An ETF is an "Exchange Traded Fund." Essentially it is a mutual fund that trades like a stock, allowing investors to get in or out at any point without worry about any special fees, which many mutual funds charge. Each trade in or out is subject to the same commission your broker would charge for a stock trade. Most ETFs are designed to track an index. Some brokers allow you to trade a few ETFs commission free, provided you hold the ETF's in your account long enough.

The following are tips to help you select ETFs for your portfolio:

Broad Indexes

An ETF is a great way to invest in the "broad market" as it is often called. This refers to ETFs that track indexes that track the performance of a wide range of companies. These include the Dow Jones Industrial Average ETF (DIA), The S&P 500 ETF (SPY) and the "PowerShares QQQ Trust" (QQQ), which tracks the Nasdaq 100 index. While it would be unwise to put all of your investments into one of these indexes, holding a small portion of your retirement savings in each makes great sense.

Bond Funds

There are a wide variety of bond funds traded as ETFs. As with mutual funds, you can choose to invest in ETFs that invest in government bonds and corporate bonds. You can also choose funds of either type with short, intermediate or long term bonds. Corporate bonds are riskier than government bonds. Municipal bonds, like corporate bonds, vary in risk. Long term bonds are riskier than short term bonds. Any bond fund has the potential to lose value, but generally they tend to be more stable in value than stock funds. Bond funds are suitable investments for both retirement savings and college savings accounts. For college funds, emphasize short and intermediate term funds.

Sector Funds

There are number of funds that focus all of their investments on stocks in a particular sector. These funds tend to be much riskier. The broad index funds provide real diversification because they invest in a variety of companies from across the economic landscape. Sector funds concentrate their bets on a single industry. All of the companies in an industry face the same economic challenges - and benefits together. Hence, these funds behave much more like individual stocks with much greater swings in value. As a general rule, these are not suitable investments.

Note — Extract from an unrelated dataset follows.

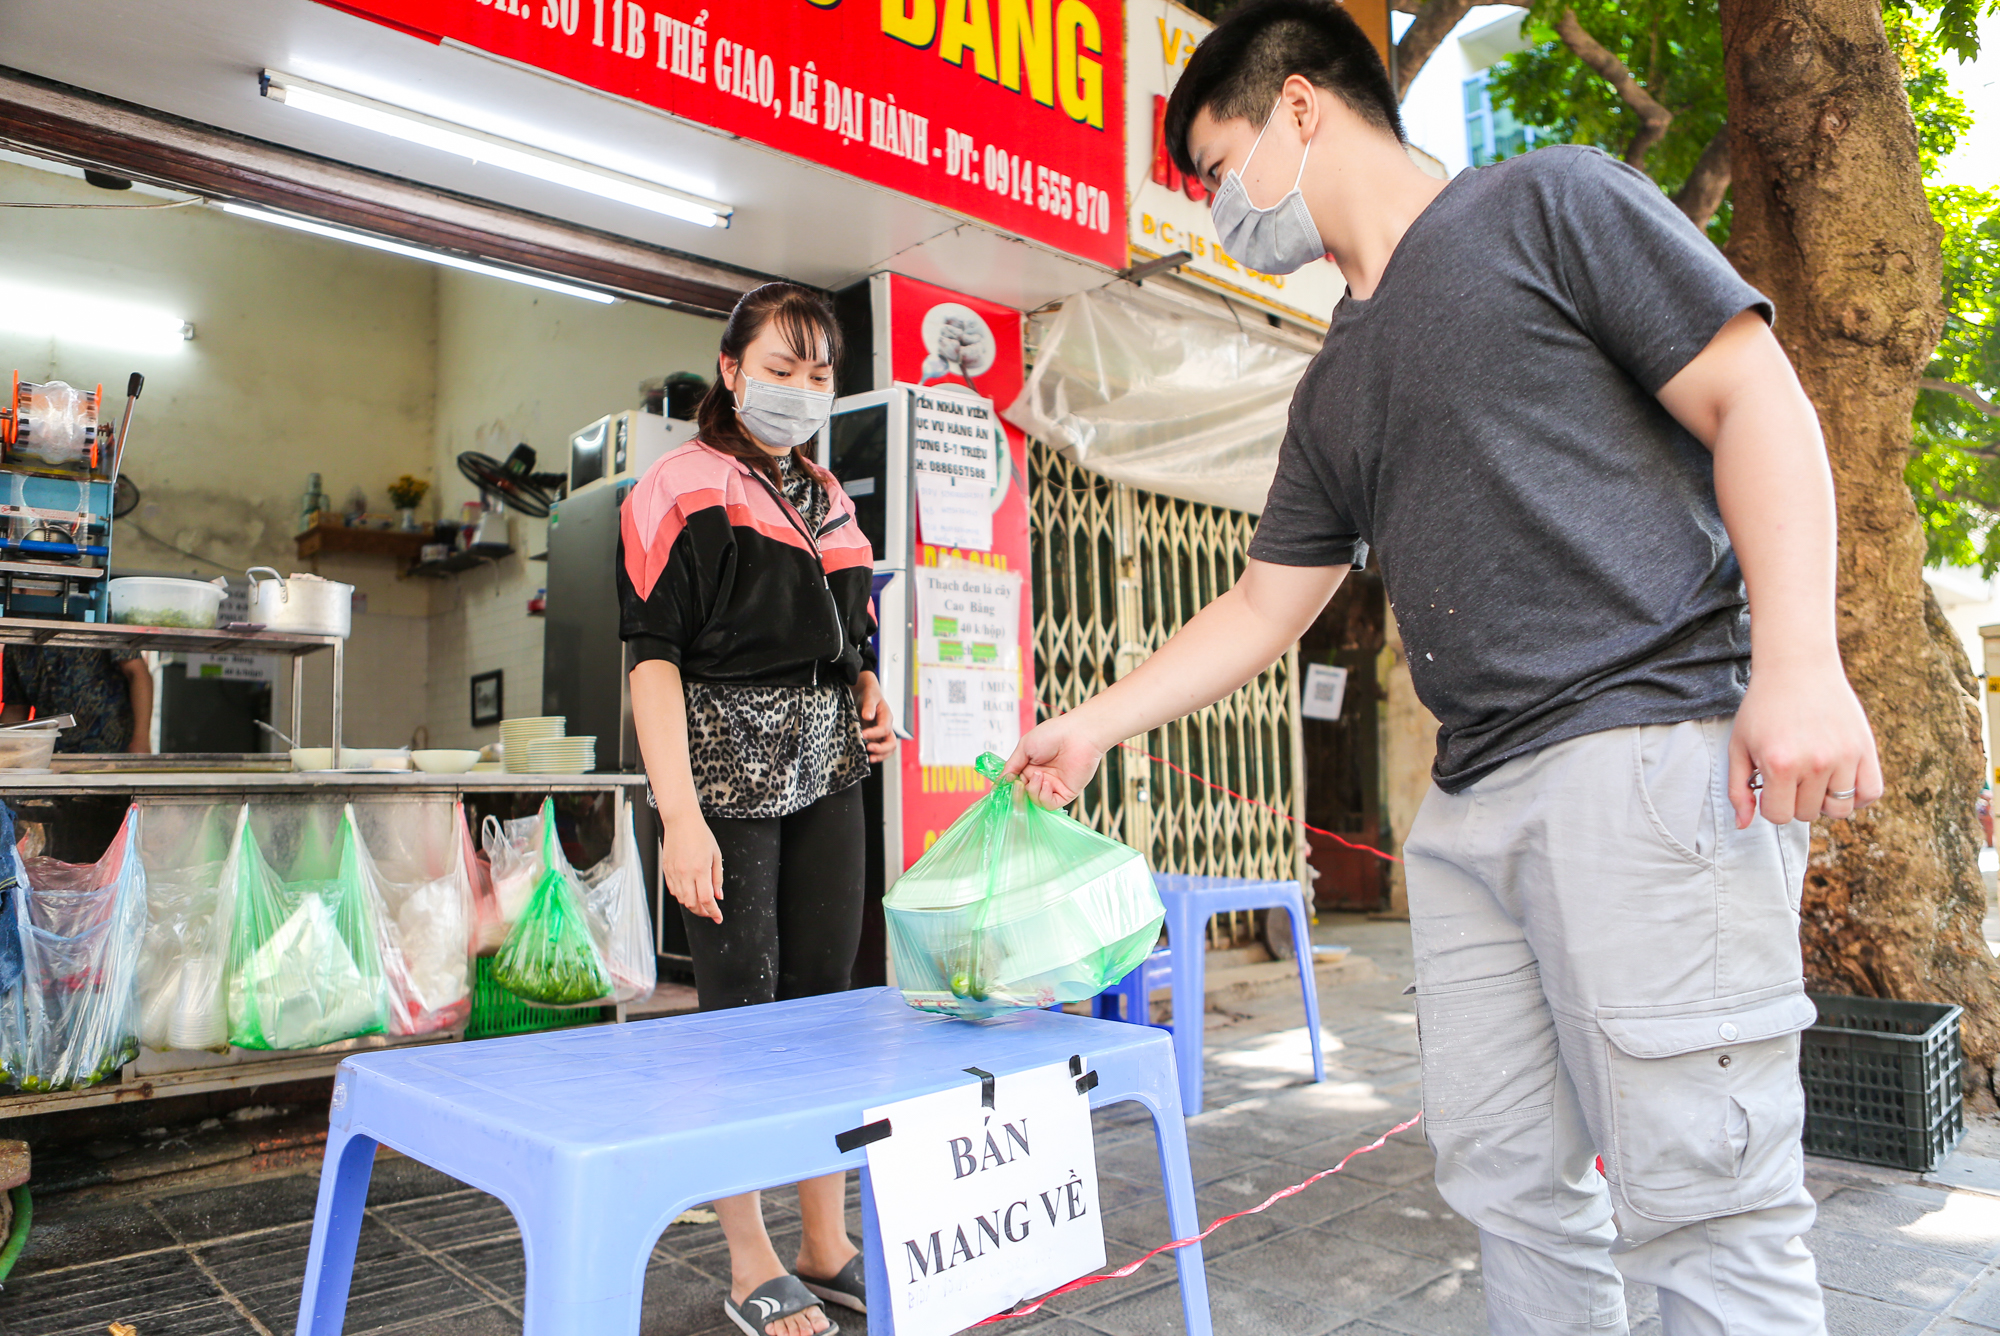 CLIP: Thêm một quận của Hà Nội cho phép các quán ăn chỉ bán hàng mang về - Ảnh 8.

You can also find ETFs that will give you the opportunity to invest in commodities, like coffee or gasoline. They use a collection of complex securities and contracts that few if anyone fully understands. If you are reading this article, these funds are almost certainly not a fit investment for you. Leave them to others who think they understand the risks and the markets better. Keep your money invested in conservative funds that will provide consistent returns.


You can also find ETFs that provide investments in international markets, some of which focus on mature markets like Europe and others that invest in developing or "emerging" markets in Africa, Latin America and Asia. While some advisors argue that you should have some international exposure in your portfolio, if you intend to live and die in the U.S. - even if you plan to travel abroad - you may be adding more risk to your portfolio with international investments than you're bargaining for. Proceed with caution.

Overall, ETFs should be thought of as Mutual Funds that can be accessed readily through a brokerage account. Compare the fees at your brokerage with investing in no-load (no fee) mutual funds to help you decide which is right for you.